Abbildung 3: Karten der Schiffslängendichte. Das OCT-Gerät umreißt den Bereich mit Zirkulation (Bild oben links), die Netzhautstruktur (unteres linkes Bild), die Netzhautoberfläche (Bild oben rechts) und generiert die Metriken automatisch (Bild unten rechts). Karten von (A) einem gesunden Individuum und (B) einem Diabetiker ohne Retinopathie. Die Gefäße auf Höhe des oberflächlichen Kapillarplexus sind in den oberen linken Bildern weiß dargestellt; Es gibt eine größere Anzahl von Gefäßen in A als in B, ein Unterschied, der als Verringerung aller Dichten, insbesondere der Zentrumsdichte, bestätigt wird. Interna = innere Dichte; completa = volle Dichte. Bitte klicken Sie hier, um eine größere Version dieser Abbildung zu sehen.

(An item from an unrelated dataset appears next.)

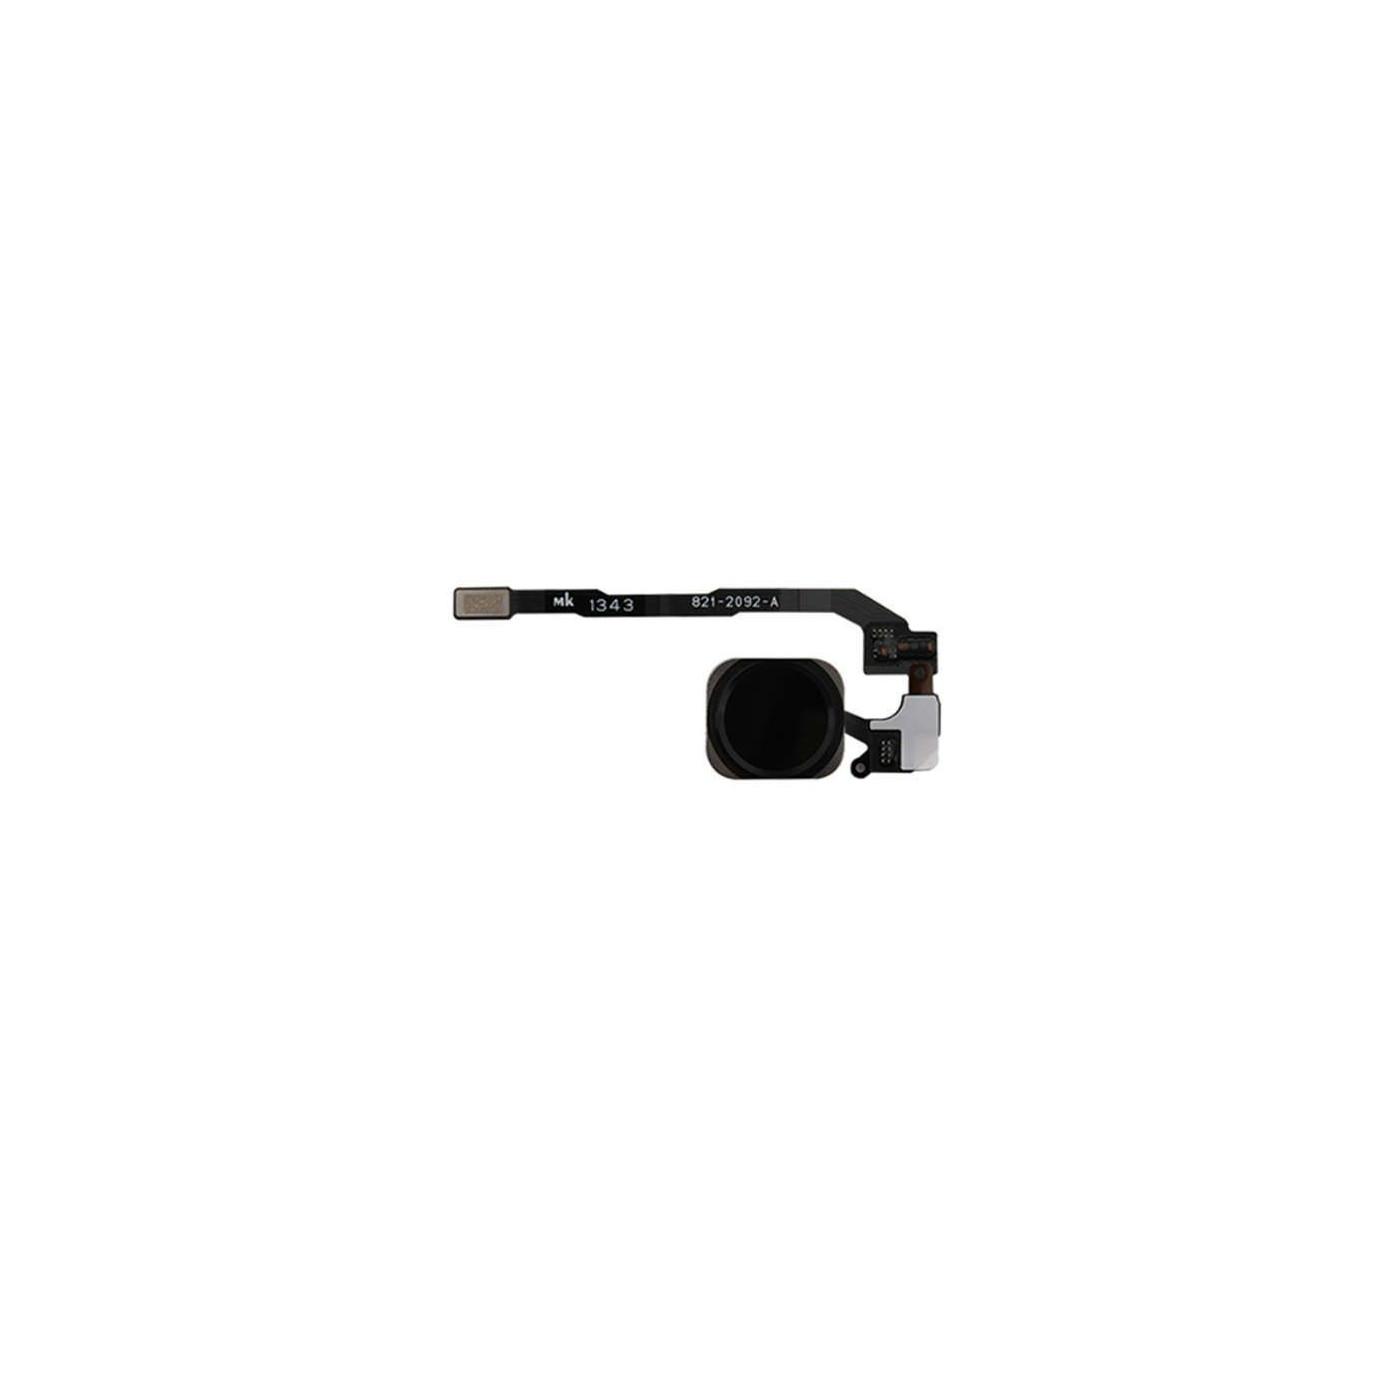 Botón de inicio para el lector de Apple iphone 5s sin impresión montaje negro flex reemplazo

Abbildung 4: Karte der Gefäßlängendichte bei einem Diabetiker ohne Retinopathie, analysiert nach Feld. Das obere linke Bild umreißt den Bereich mit Zirkulation; das linke untere Bild zeigt die Netzhautstruktur; das Bild oben rechts zeigt die Netzhautoberfläche; Das Bild unten rechts zeigt die automatisch generierten Metriken. Die Abbildung entspricht dem linken Auge und zeigt die automatischen Messungen für die oberen, temporalen, unteren und nasalen Felder der inneren Dichte im oberen linken Bild. Abkürzungen: S = superior; T = zeitlich; I = minderwertig; N = nasal. Bitte klicken Sie hier, um eine größere Version dieser Abbildung zu sehen.

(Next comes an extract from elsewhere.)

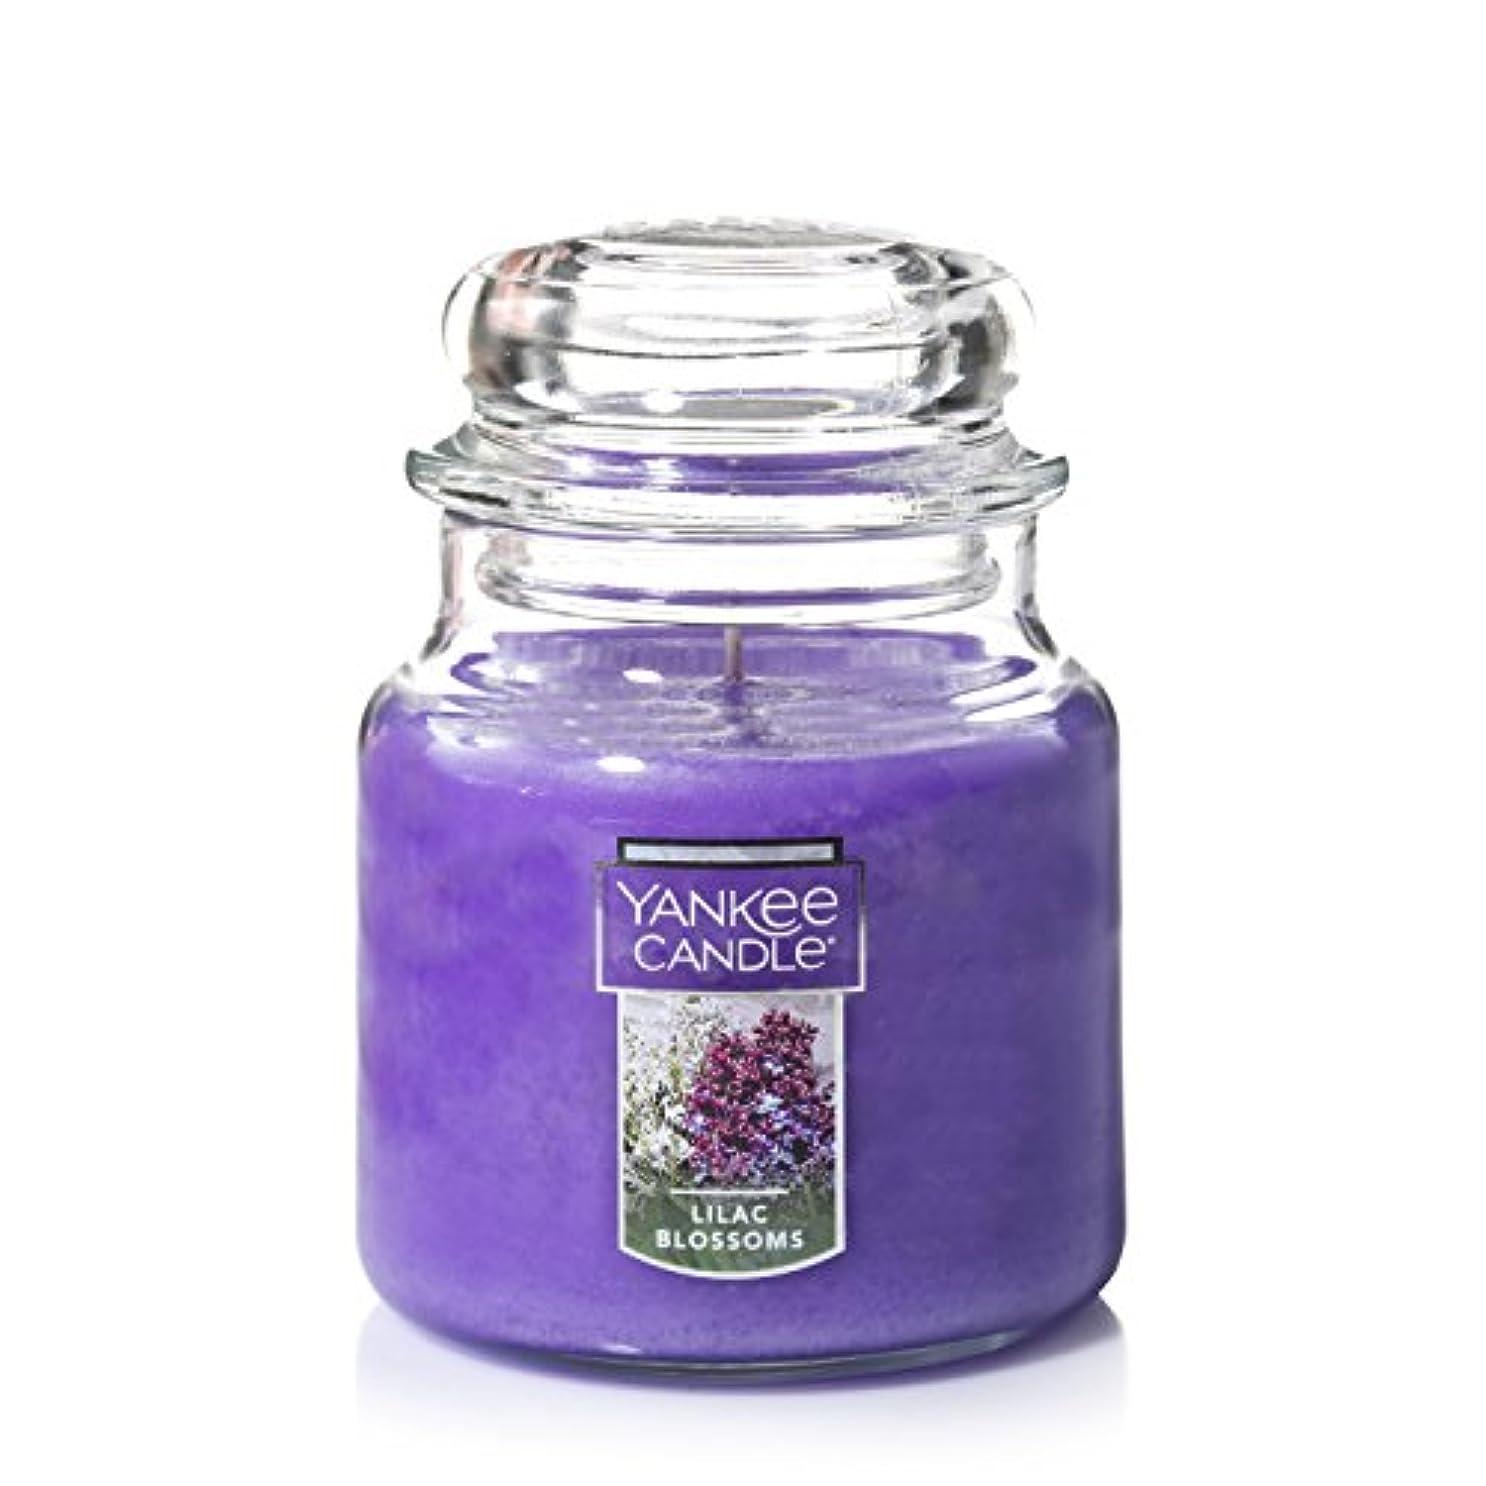 続編うそつきピボットYankee CandleライラックBlossoms Medium Jar 14.5oz Candle One パープル 1006996

Abbildung 5: Vergleich der Bestimmungskoeffizienten zwischen Mittelgefäß (mm-1) und Perfusionsdichte (%) in den drei Gruppen. Es gibt nur wenige Kapillaren im mittleren Bereich und fast keine Gefäße, die größer als Kapillaren sind, was die leichten Unterschiede zwischen den Gruppen erklärt. Bitte klicken Sie hier, um eine größere Version dieser Abbildung zu sehen.

Abbildung 6: Vergleich der Bestimmungskoeffizienten zwischen inneren Gefäß- (mm-1) und Perfusionsdichten (%) in den drei Gruppen. Der Beitrag von Gefäßen, die größer als Kapillaren sind, zur Perfusionsdichte war bei Patienten mit arterieller Hypertonie geringer und änderte sich bei Patienten mit Diabetes im Vergleich zu gesunden Probanden nicht. Bitte klicken Sie hier, um eine größere Version dieser Abbildung zu sehen.

Abbildung 7: Vergleich des Bestimmungskoeffizienten zwischen Gefäß (mm-1) und Perfusionsdichte (%) nach Feld, in Gruppe 3. Der Beitrag von Gefäßen, die größer als Kapillaren waren, war im zeitlichen Feld größer, das 20 Prozentpunkte höher war als der des Nasenfeldes. Bitte klicken Sie hier, um eine größere Version dieser Abbildung zu sehen.

Tabelle 1: Vergleich der Variablenverteilung nach Gruppen (Mittelwert ± Standardfehler). * Einweganalyse der Varianz.

Video 1: Berechnung und Vergleich von Bestimmungskoeffizienten zwischen Variablen unter Verwendung einer Tabellenkalkulation. Bitte klicken Sie hier, um dieses Video herunterzuladen.

Die Autoren erklären, dass sie keine Interessenkonflikte offenlegen müssen.